Macar film yönetmeni Sándor Buglya’ya Yaşam Boyu Başarı Ödülü’nün sunulması, Budapeşte Uluslararası Belgesel Festivali’nin açılışının en heyecanlı anlarından biriydi. Acclaimed film eleştirmeni Gábor Gelencsér’ın bulunamamasına rağmen, duygusal sözleri dinleyiciye okundu.
Gelencsér, Buglya’nın olağanüstü çok yönlülüğünü övdü, onu sadece bir film yapımcısı olarak değil, sinemanın bir “doktoru” olarak tanımlayarak.
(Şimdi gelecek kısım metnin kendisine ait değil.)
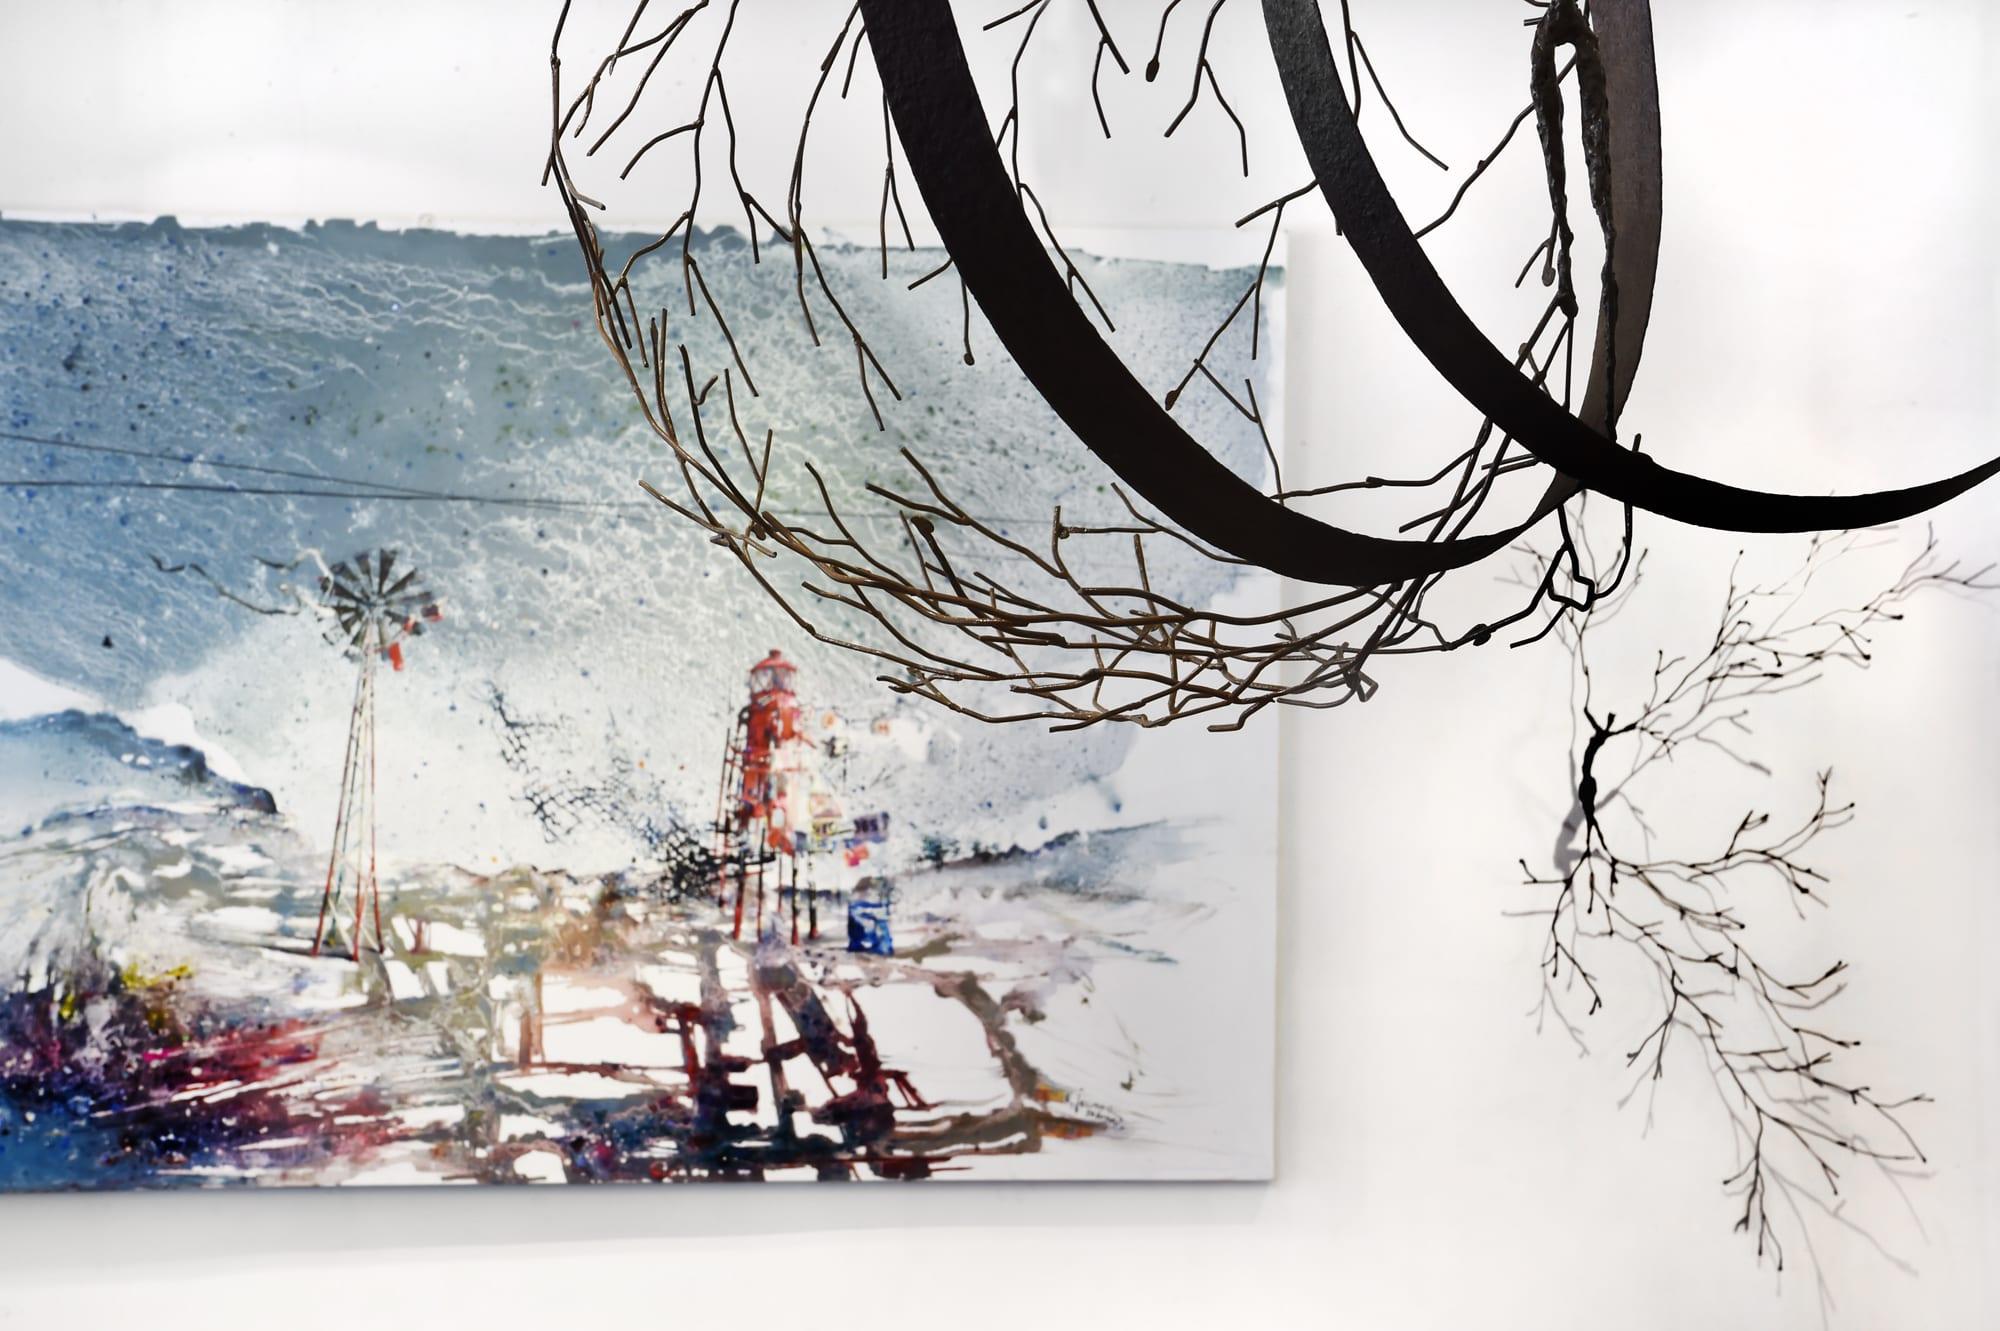 Accrochage des artistes permanents  - Exposition collective

Buglya’nın yıllar boyunca Macar sinemasına katkıları efsanevi, 50 yıldan fazla bir süreyi kapsayan çalışması, kırsal Macarları, tarihin kurbanlarını ve ülkenin geçmişini şekillendiren devrimcileri ele alıyor. Uzun bir başarı listesi yönetmen, görüntü yönetmeni, yapımcı, eğitmen ve birçok öğrenciye mentorluk yaparak efsanevi bir şekilde uzanıyor.
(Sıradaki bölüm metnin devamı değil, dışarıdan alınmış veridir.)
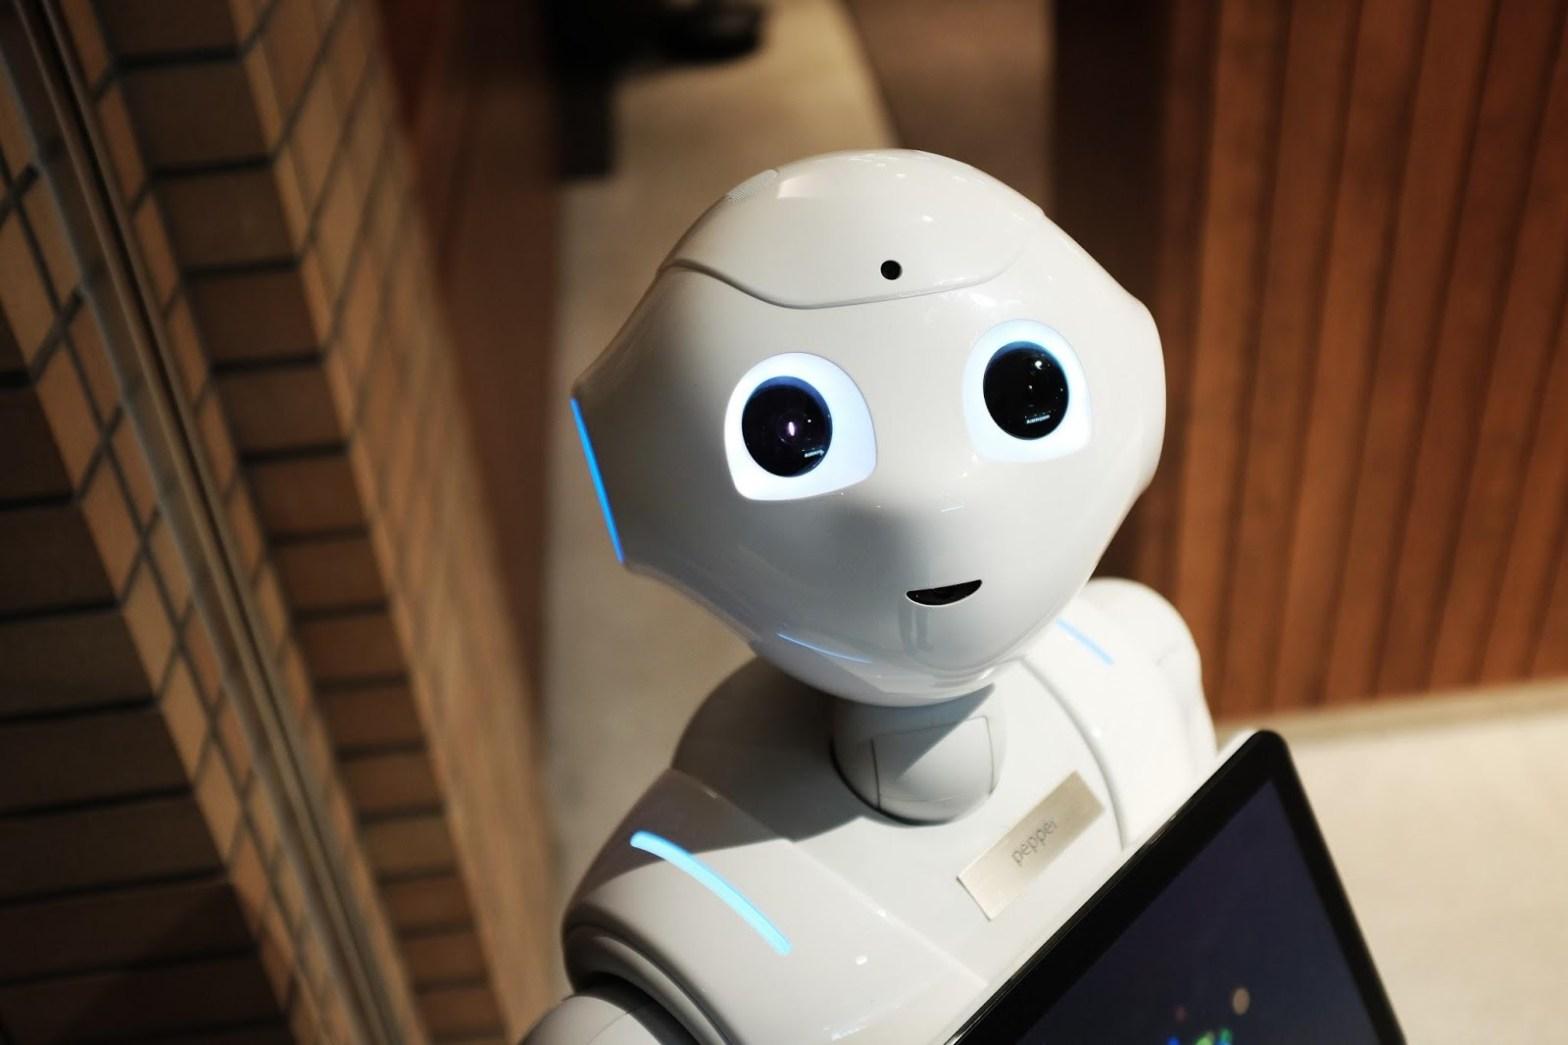 AI-based HR

Festivalin açılış gecesi, Nanna Frank Møller ve Zlatko Pranjic’in güçlü belgeseli olan The Sky Above Zenica’nın gösterimiyle sonuçlandı. Bu belgesel, Zenica, Bosna-Hersek’teki Eko Forum adlı bir vatandaş örgütünün, kentinin kuzey Kore’den sonra dünyanın en toksik köşesi olmasına neden olan kirlilikten sorumlu dev çelik fabrikasını hesap vermeye zorlamak için yedi yıllık mücadelesini anlatıyor.
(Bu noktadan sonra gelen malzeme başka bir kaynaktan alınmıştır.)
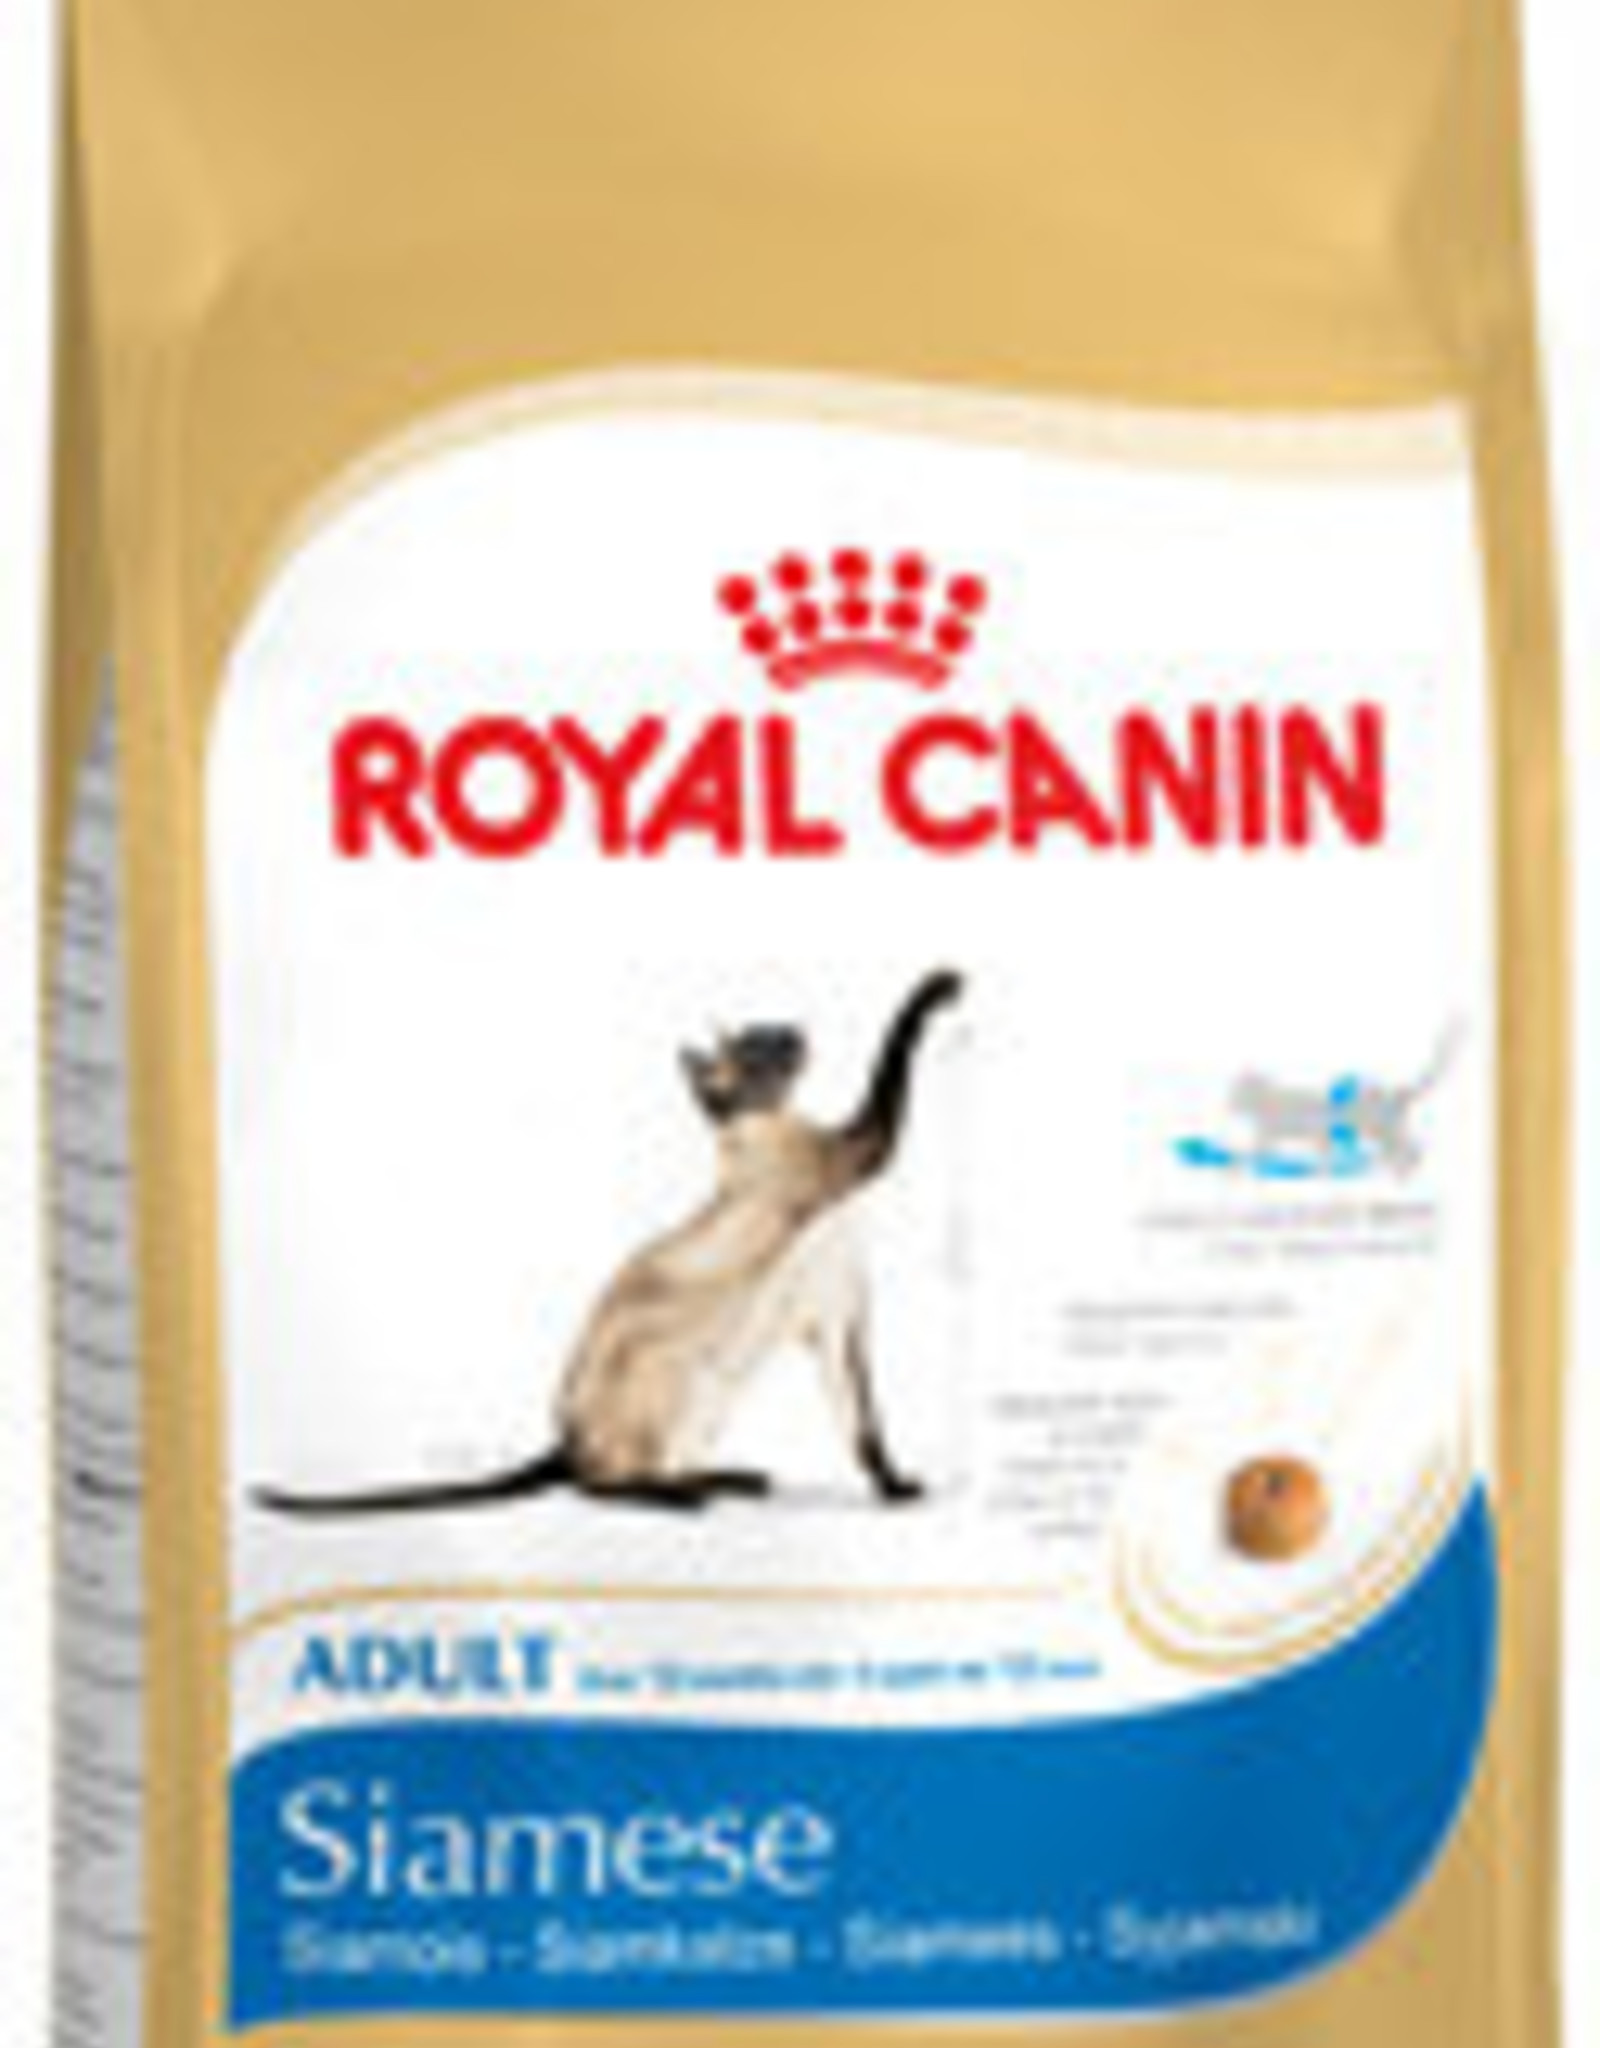 Royal Canin Royal Canin Fbn Siamese 38 4kg

Film, samimi anlatımı sistem eleştirisiyle harmanlıyor ve aktivist Samir Lemes ve grubunun, görünüşte üstesinden gelinmesi zor olan kurumsal ve devletçi ilgisizlik güçlerine karşı adalet mücadelesini izliyor. Fabrikadan çıkan duman şehri kaplarken, sağlık ve geçim kaynaklarını etkileyerek, her diğer sakin kanser veya diğer kronik hastalıklardan muzdarip oluyor ve denetimsiz endüstriyel kirliliğin acı insan maliyetini vurguluyor.
İzleyiciler, Zenica’nın gerçeklikleriyle etkileşimde bulundular, ekolojik trajedinin ekonomik gereklilikle buluştuğu yerde, çaresizlik ve direnç arasında gidip gelenleri görüntüleyerek, pes etmeyi reddedenlerin direncini ve dayanışmasını sunan, Zenica’nın ötesinde yankılanan bir hikaye sunarak, aktivizm ve topluluk odaklı değişimin gücü konusunda dersler sunar.
Festivale dair ayrıntılı program için BIDF Programı sayfasını ziyaret edebilirsiniz.